> [WHAT NEEDS TO BE DONE]: Exactly the lines below from the line with "garland mwe2w wiring diagram" through the line with "Grand Duke Henri of Luxembourg - Biography" must make up the answer, both ends included and pictures left out.
**** SOURCE DATA ****
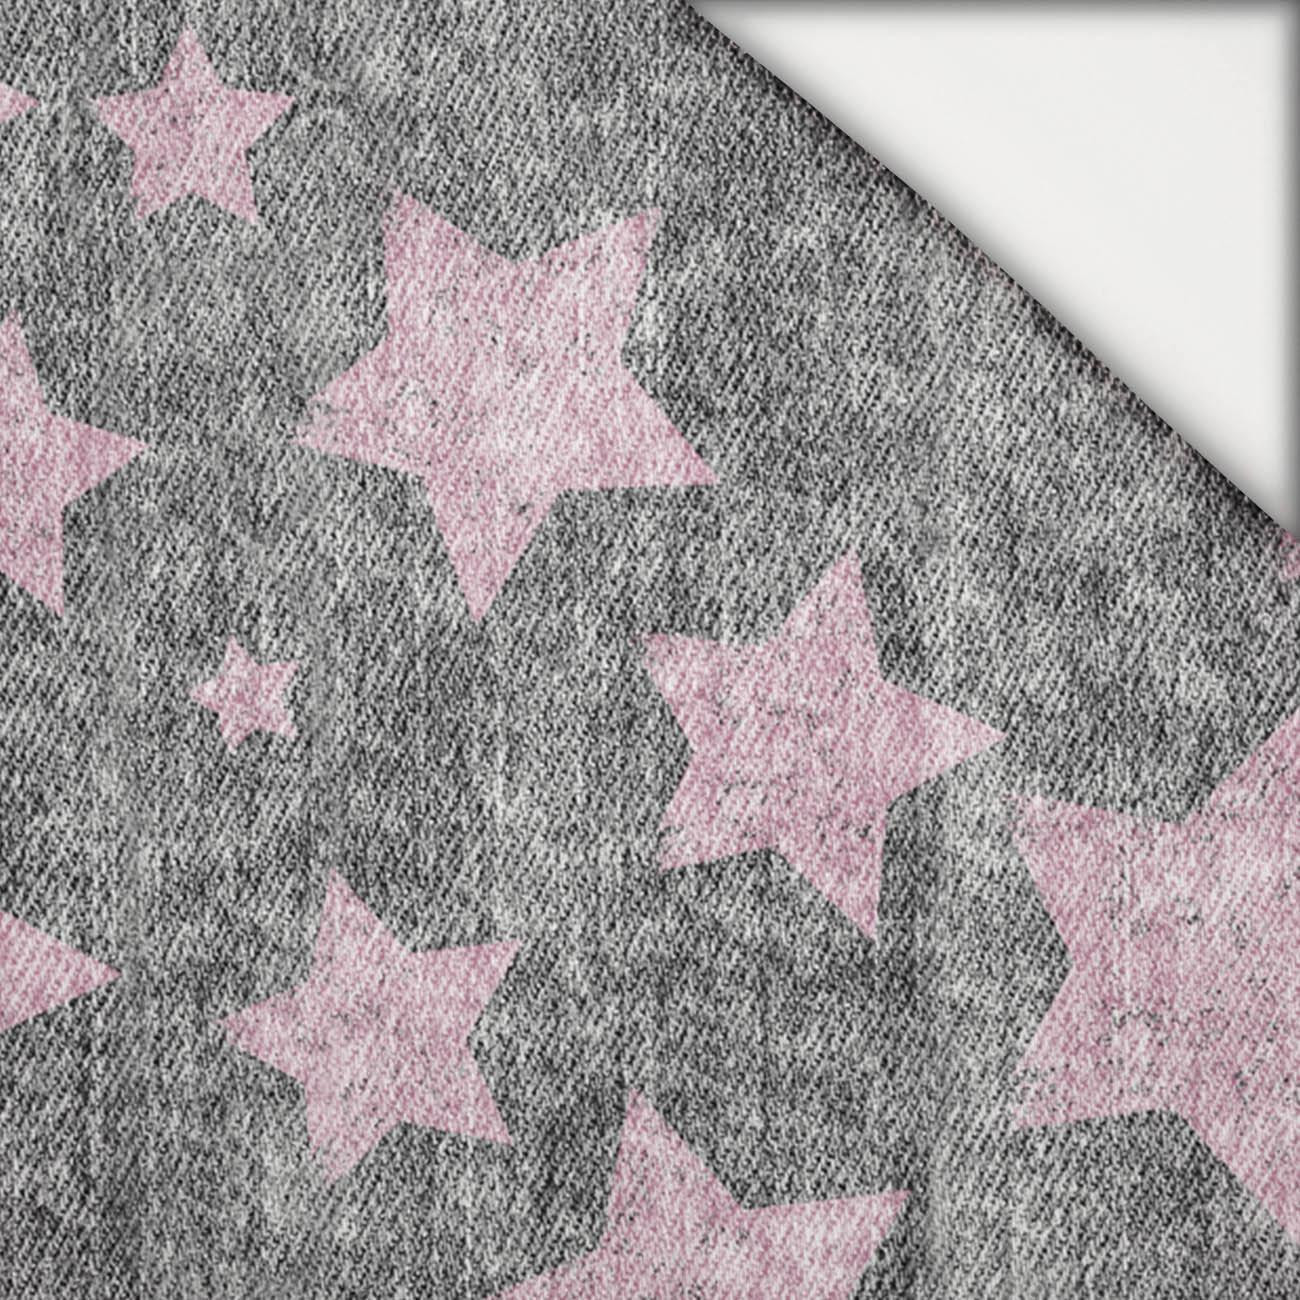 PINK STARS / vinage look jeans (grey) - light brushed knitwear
****
**** SOURCE DATA ****
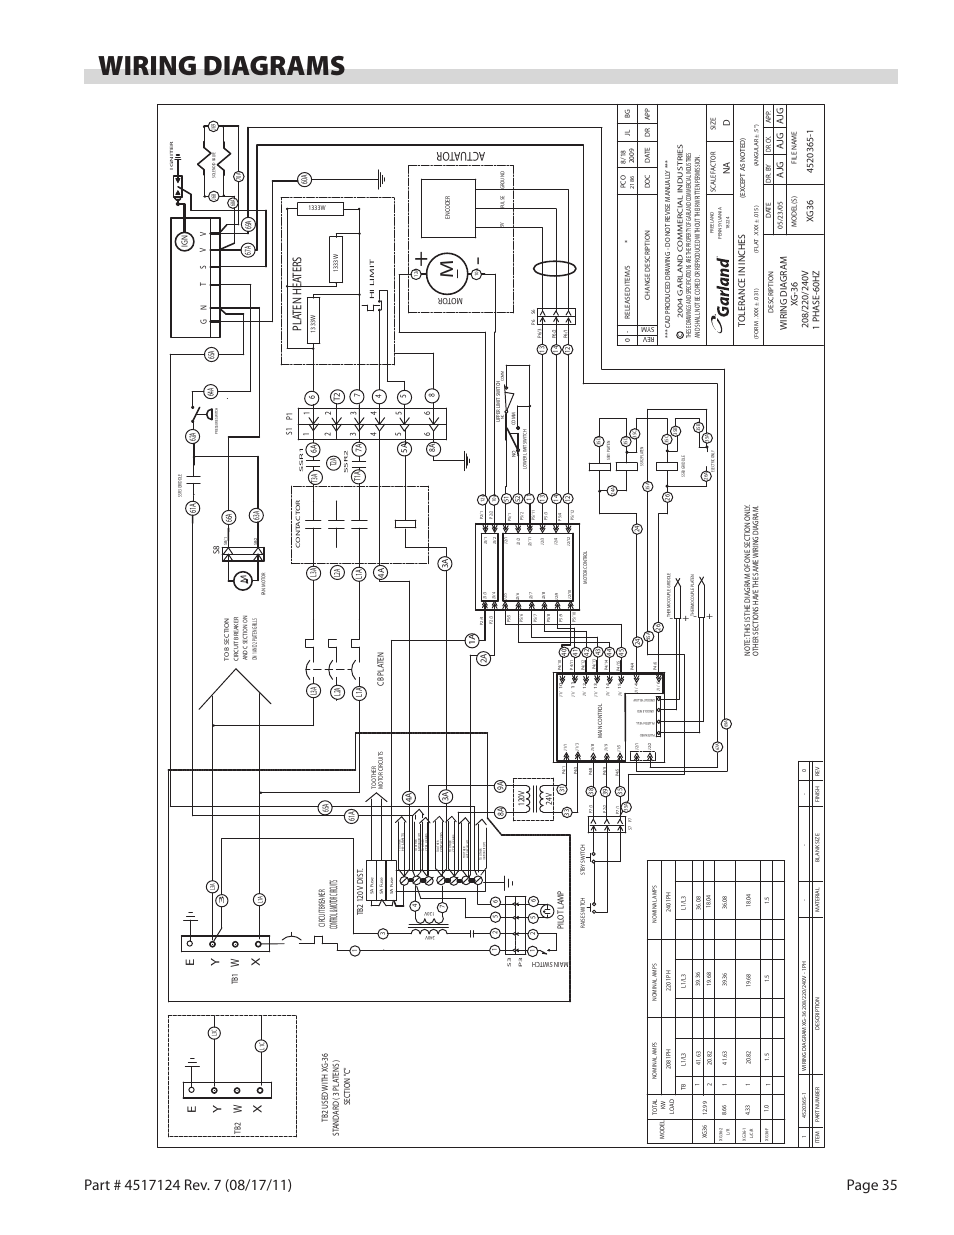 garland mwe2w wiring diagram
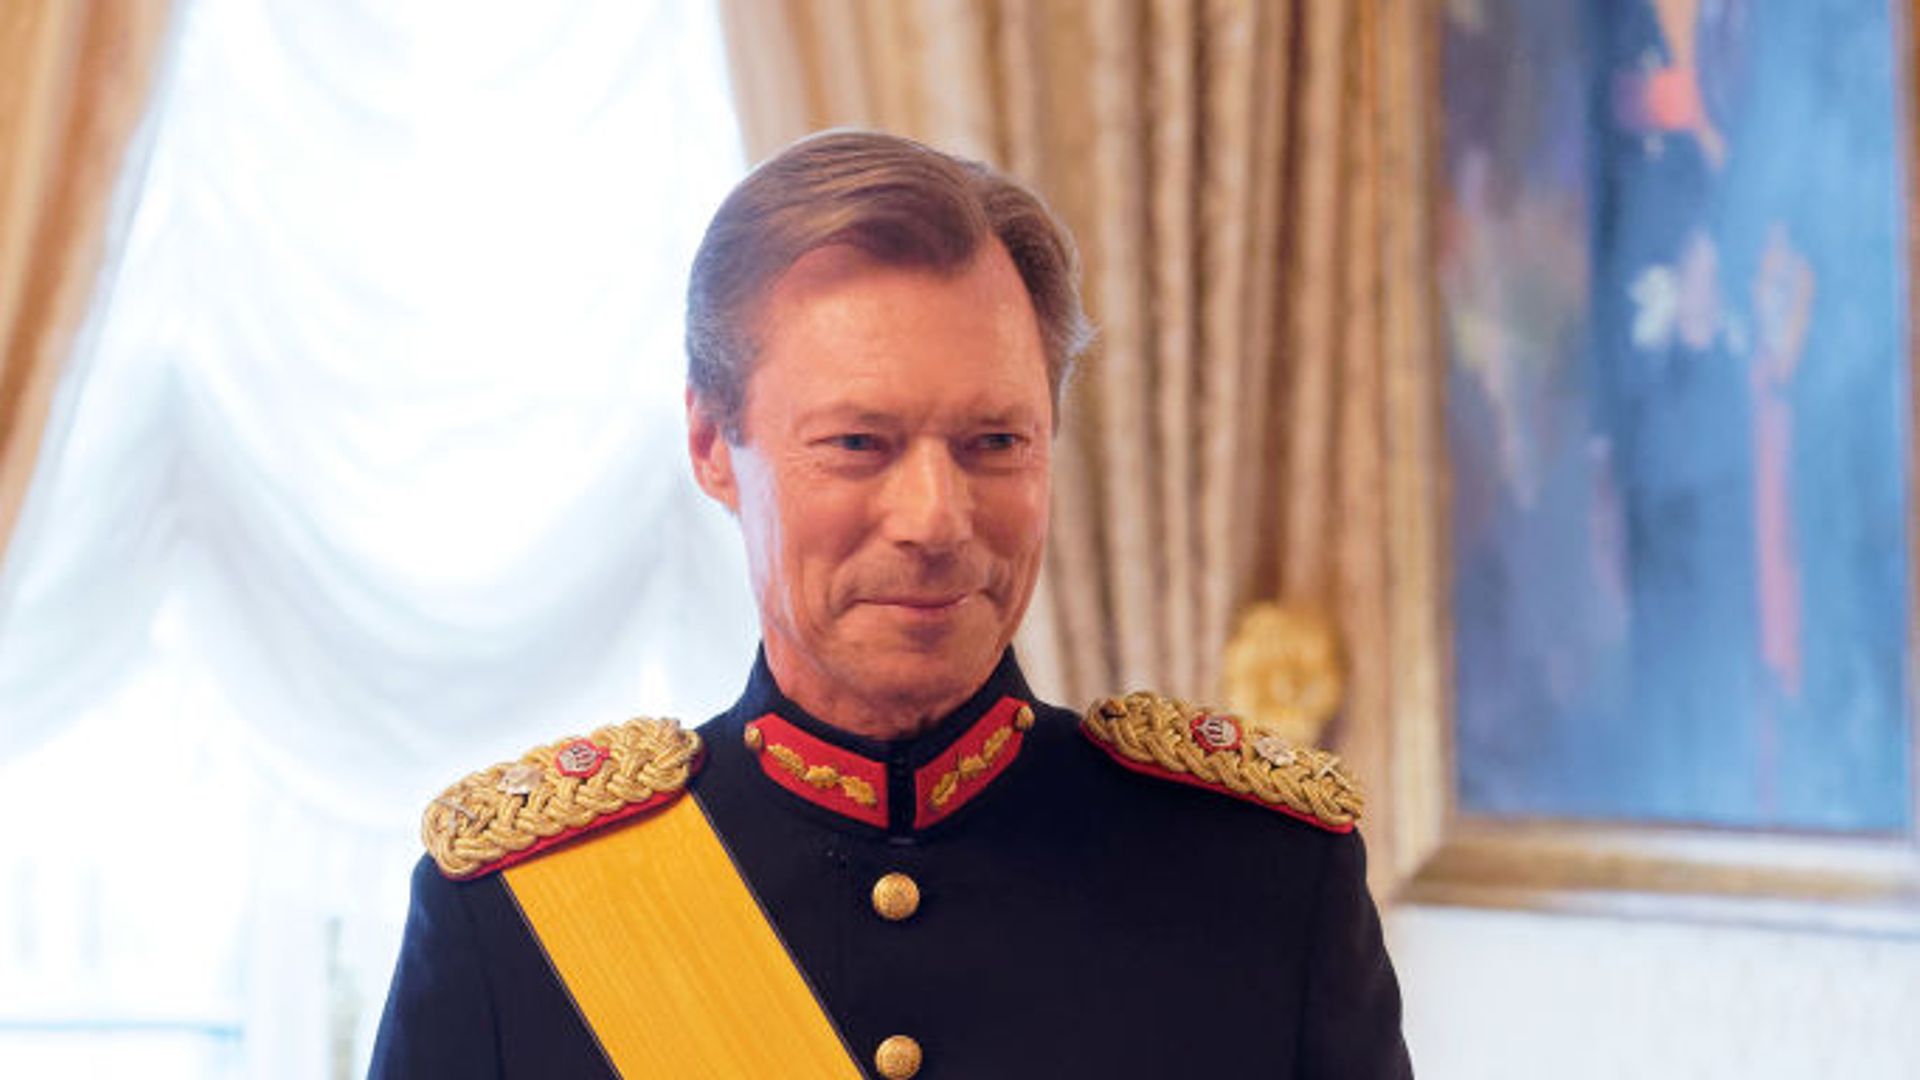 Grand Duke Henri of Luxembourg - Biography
****
> [RESULT OF THE EXERCISE]:
 garland mwe2w wiring diagram
 Grand Duke Henri of Luxembourg - Biography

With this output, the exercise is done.